Genetic variation in glycoprotein IIb/IIIa (GPIIb/IIIa) as a determinant of the responses to an oral GPIIb/IIIa antagonist in patients with unstable coronary syndromes

Platelet activation and subsequent aggregation play major roles in initiating coronary thrombosis, the underlying event in acute coronary syndromes such as unstable angina and myocardial infarction (MI). Platelet aggregation is mediated by glycoprotein (GP) IIb/IIIa, the receptor for fibrinogen and von Willebrand factor (vWf).

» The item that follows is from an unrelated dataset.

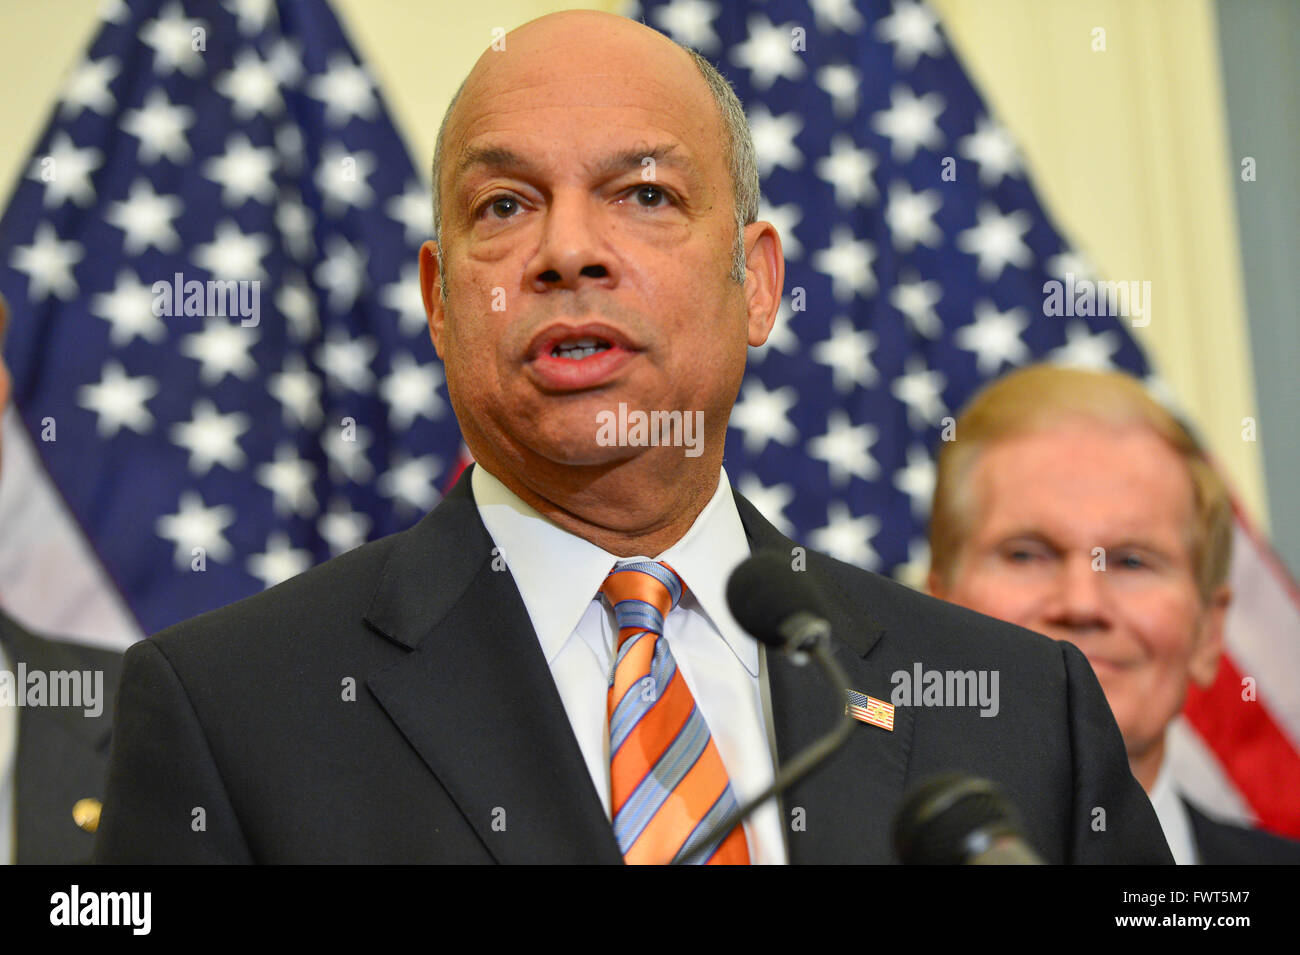 Department of Homeland Security Secretary Jeh Johnson joined by Democratic Senators announces a new proposal to strengthen U.S. airport security on Capitol Hill April 5, 2016 in Washington, DC. Stock Photo
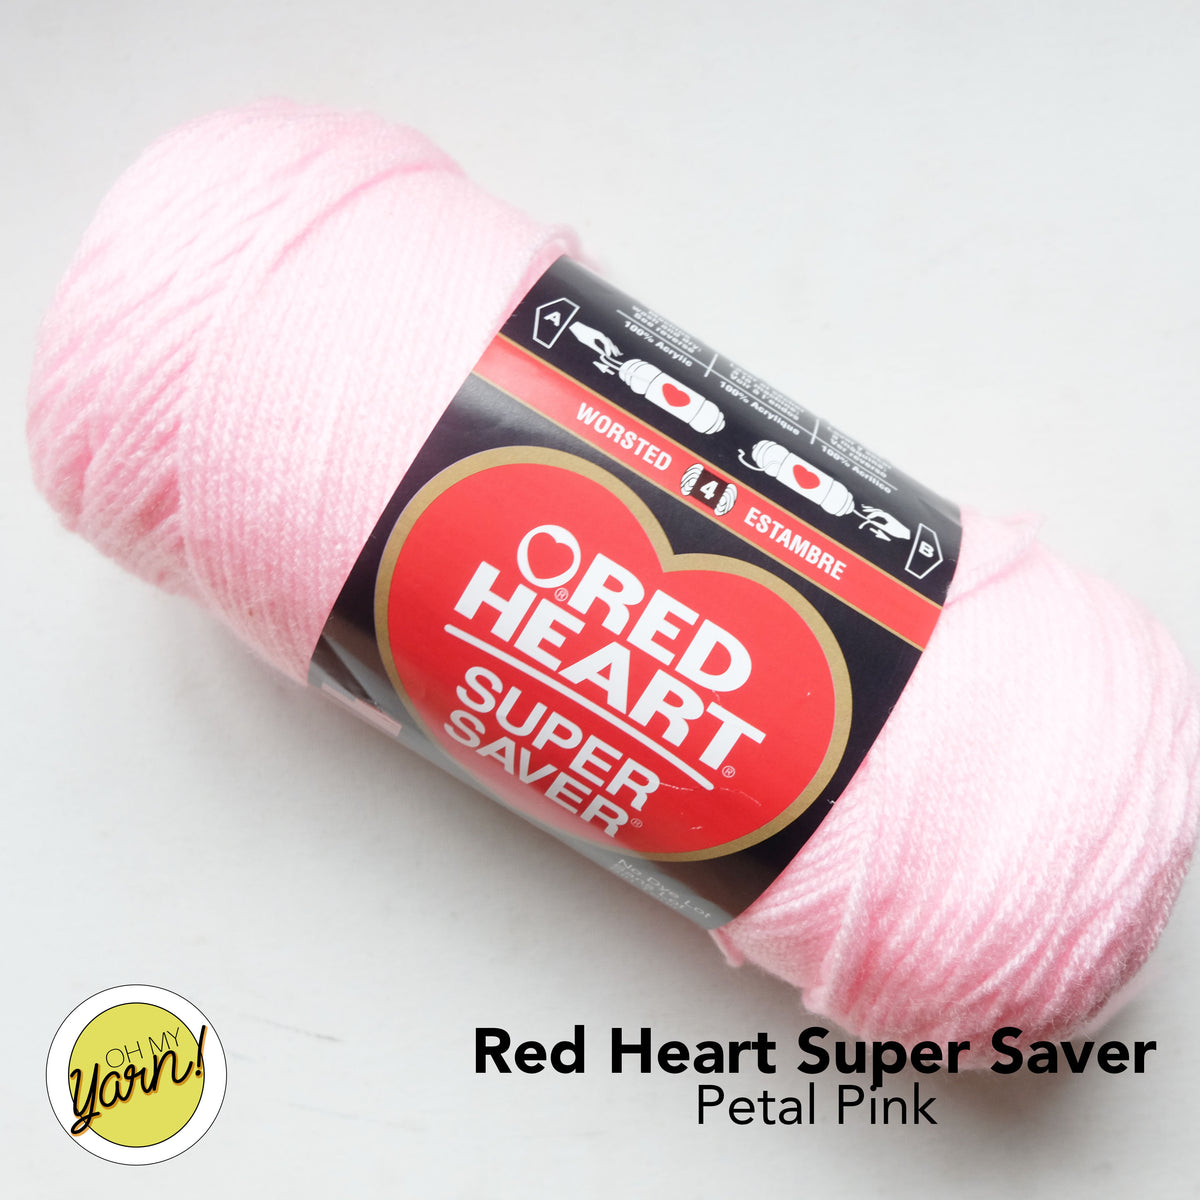 Red Heart Super Saver Worsted Acrylic Yarn

GPIIb/IIIa antagonists bind to the receptor and prevent platelet aggregation to all known agonists. Yet oral GPIIb/IIIa antagonists have proven ineffective and may be harmful when administered chronically to patients presenting with acute coronary syndromes.1 Three large-scale clinical trials have reported an increase in death and MI in patients on active treatment compared with placebo. In the OPUS-TIMI-16 (orbofiban in patients with unstable coronary syndromes–thrombolysis in myocardial infarction 16) trial of orbofiban, the study was terminated due to an increase in mortality.2 In the SYMPHONY II (sibrafiban versus aspirin to yield maximum protection from ischemic heart events post–acute coronary syndromes II) trial,3 there was an increase in MI and death in patients on sibrafiban.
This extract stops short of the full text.